Decision-focused learning (DFL) is an emerging paradigm that integrates machine learning (ML) and constrained optimization to enhance decision quality by training ML models in an end-to-end system. This approach shows significant potential to revolutionize combinatorial decision-making in real-world applications that operate under uncertainty, where estimating unknown parameters within decision models is a major challenge. This paper presents a comprehensive review of DFL, providing an in-depth analysis of both gradient-based and gradient-free techniques used to combine ML and constrained optimization. It evaluates the strengths and limitations of these techniques and includes an extensive empirical evaluation of eleven methods across seven problems. The survey also offers insights into recent advancements and future research directions in DFL.

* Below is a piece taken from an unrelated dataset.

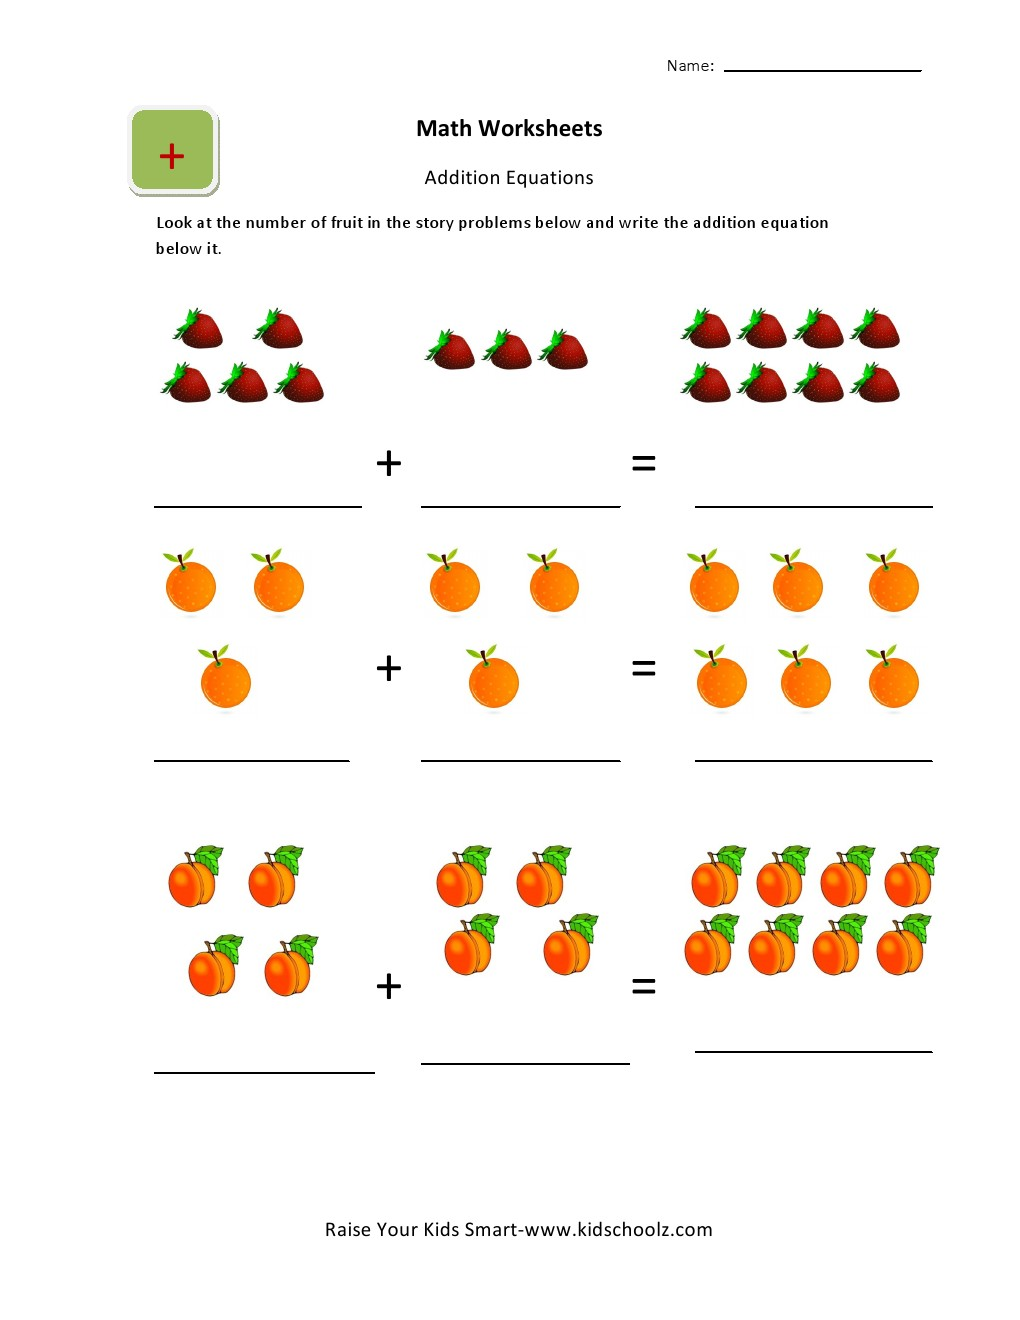 hight resolution of UKG-Basic Picture Addition Worksheets for Kids - Kidschoolz

AAAI Conference 2024 Conference Paper

Learning to Learn in Interactive Constraint Acquisition

  • Dimosthenis Tsouros
  • Senne Berden
  • Tias Guns

Constraint Programming (CP) has been successfully used to model and solve complex combinatorial problems. However, modeling is often not trivial and requires expertise, which is a bottleneck to wider adoption. In Constraint Acquisition (CA), the goal is to assist the user by automatically learning the model. In (inter)active CA, this is done by interactively posting queries to the user, e.g. does this partial solution satisfy your (unspecified) constraints or not. While interactive CA methods learn the constraints, the learning is related to symbolic concept learning, as the goal is to learn an exact representation. However, a large number of queries is required to learn the model, which is a major limitation. In this paper, we aim to alleviate this limitation by tightening the connection of CA and Machine Learning (ML), by, for the first time in interactive CA, exploiting statistical ML methods. We propose to use probabilistic classification models to guide interactive CA queries to the most promising parts. We discuss how to train classifiers to predict whether a candidate expression from the bias is a constraint of the problem or not, using both relation-based and scope-based features. We then show how the predictions can be used in all layers of interactive CA: the query generation, the scope finding, and the lowest-level constraint finding. We experimentally evaluate our proposed methods using different classifiers and show that our methods greatly outperform the state of the art, decreasing the number of queries needed to converge by up to 72%.

AAAI Conference 2023 System Paper

Sudoku Assistant – an AI-Powered App to Help Solve Pen-and-Paper Sudokus

  • Tias Guns
  • Emilio Gamba
  • Maxime Mulamba
  • Ignace Bleukx
  • Senne Berden
  • Milan Pesa

The Sudoku Assistant app is an AI assistant that uses a combination of machine learning and constraint programming techniques, to interpret and explain a pen-and-paper Sudoku scanned with a smartphone. Although the demo is about Sudoku, the underlying techniques are equally applicable to other constraint solving problems like timetabling, scheduling, and vehicle routing.